──────── TASK DATA

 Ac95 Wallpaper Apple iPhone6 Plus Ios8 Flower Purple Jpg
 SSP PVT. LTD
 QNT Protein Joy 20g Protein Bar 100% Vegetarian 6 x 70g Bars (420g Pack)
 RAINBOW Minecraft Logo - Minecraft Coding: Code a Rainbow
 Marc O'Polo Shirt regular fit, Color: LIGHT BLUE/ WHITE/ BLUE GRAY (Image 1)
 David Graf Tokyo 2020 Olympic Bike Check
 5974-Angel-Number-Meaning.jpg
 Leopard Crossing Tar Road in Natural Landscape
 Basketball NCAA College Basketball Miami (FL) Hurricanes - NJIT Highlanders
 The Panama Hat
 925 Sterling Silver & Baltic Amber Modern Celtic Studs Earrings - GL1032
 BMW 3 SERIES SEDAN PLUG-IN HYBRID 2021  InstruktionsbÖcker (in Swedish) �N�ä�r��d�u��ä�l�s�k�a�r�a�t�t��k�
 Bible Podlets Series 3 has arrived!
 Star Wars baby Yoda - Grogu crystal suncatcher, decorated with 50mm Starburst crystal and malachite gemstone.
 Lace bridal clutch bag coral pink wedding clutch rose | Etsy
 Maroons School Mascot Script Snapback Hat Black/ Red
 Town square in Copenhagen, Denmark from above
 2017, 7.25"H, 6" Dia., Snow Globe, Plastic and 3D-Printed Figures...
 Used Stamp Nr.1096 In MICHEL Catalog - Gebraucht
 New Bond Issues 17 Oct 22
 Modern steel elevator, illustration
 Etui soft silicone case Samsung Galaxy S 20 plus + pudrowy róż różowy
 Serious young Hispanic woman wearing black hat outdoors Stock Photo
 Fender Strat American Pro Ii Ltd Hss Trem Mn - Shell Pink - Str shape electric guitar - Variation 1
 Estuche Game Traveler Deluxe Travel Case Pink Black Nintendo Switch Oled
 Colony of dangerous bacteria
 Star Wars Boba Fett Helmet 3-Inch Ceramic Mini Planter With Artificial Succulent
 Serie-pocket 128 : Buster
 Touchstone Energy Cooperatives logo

────────────────

REQUIRED ACTION:
Repeat each of the entries exactly.

RESPONSE BELOW:
 Ac95 Wallpaper Apple iPhone6 Plus Ios8 Flower Purple Jpg
 SSP PVT. LTD
 QNT Protein Joy 20g Protein Bar 100% Vegetarian 6 x 70g Bars (420g Pack)
 RAINBOW Minecraft Logo - Minecraft Coding: Code a Rainbow
 Marc O'Polo Shirt regular fit, Color: LIGHT BLUE/ WHITE/ BLUE GRAY (Image 1)
 David Graf Tokyo 2020 Olympic Bike Check
 5974-Angel-Number-Meaning.jpg
 Leopard Crossing Tar Road in Natural Landscape
 Basketball NCAA College Basketball Miami (FL) Hurricanes - NJIT Highlanders
 The Panama Hat
 925 Sterling Silver & Baltic Amber Modern Celtic Studs Earrings - GL1032
 BMW 3 SERIES SEDAN PLUG-IN HYBRID 2021  InstruktionsbÖcker (in Swedish) �N�ä�r��d�u��ä�l�s�k�a�r�a�t�t��k�
 Bible Podlets Series 3 has arrived!
 Star Wars baby Yoda - Grogu crystal suncatcher, decorated with 50mm Starburst crystal and malachite gemstone.
 Lace bridal clutch bag coral pink wedding clutch rose | Etsy
 Maroons School Mascot Script Snapback Hat Black/ Red
 Town square in Copenhagen, Denmark from above
 2017, 7.25"H, 6" Dia., Snow Globe, Plastic and 3D-Printed Figures...
 Used Stamp Nr.1096 In MICHEL Catalog - Gebraucht
 New Bond Issues 17 Oct 22
 Modern steel elevator, illustration
 Etui soft silicone case Samsung Galaxy S 20 plus + pudrowy róż różowy
 Serious young Hispanic woman wearing black hat outdoors Stock Photo
 Fender Strat American Pro Ii Ltd Hss Trem Mn - Shell Pink - Str shape electric guitar - Variation 1
 Estuche Game Traveler Deluxe Travel Case Pink Black Nintendo Switch Oled
 Colony of dangerous bacteria
 Star Wars Boba Fett Helmet 3-Inch Ceramic Mini Planter With Artificial Succulent
 Serie-pocket 128 : Buster
 Touchstone Energy Cooperatives logo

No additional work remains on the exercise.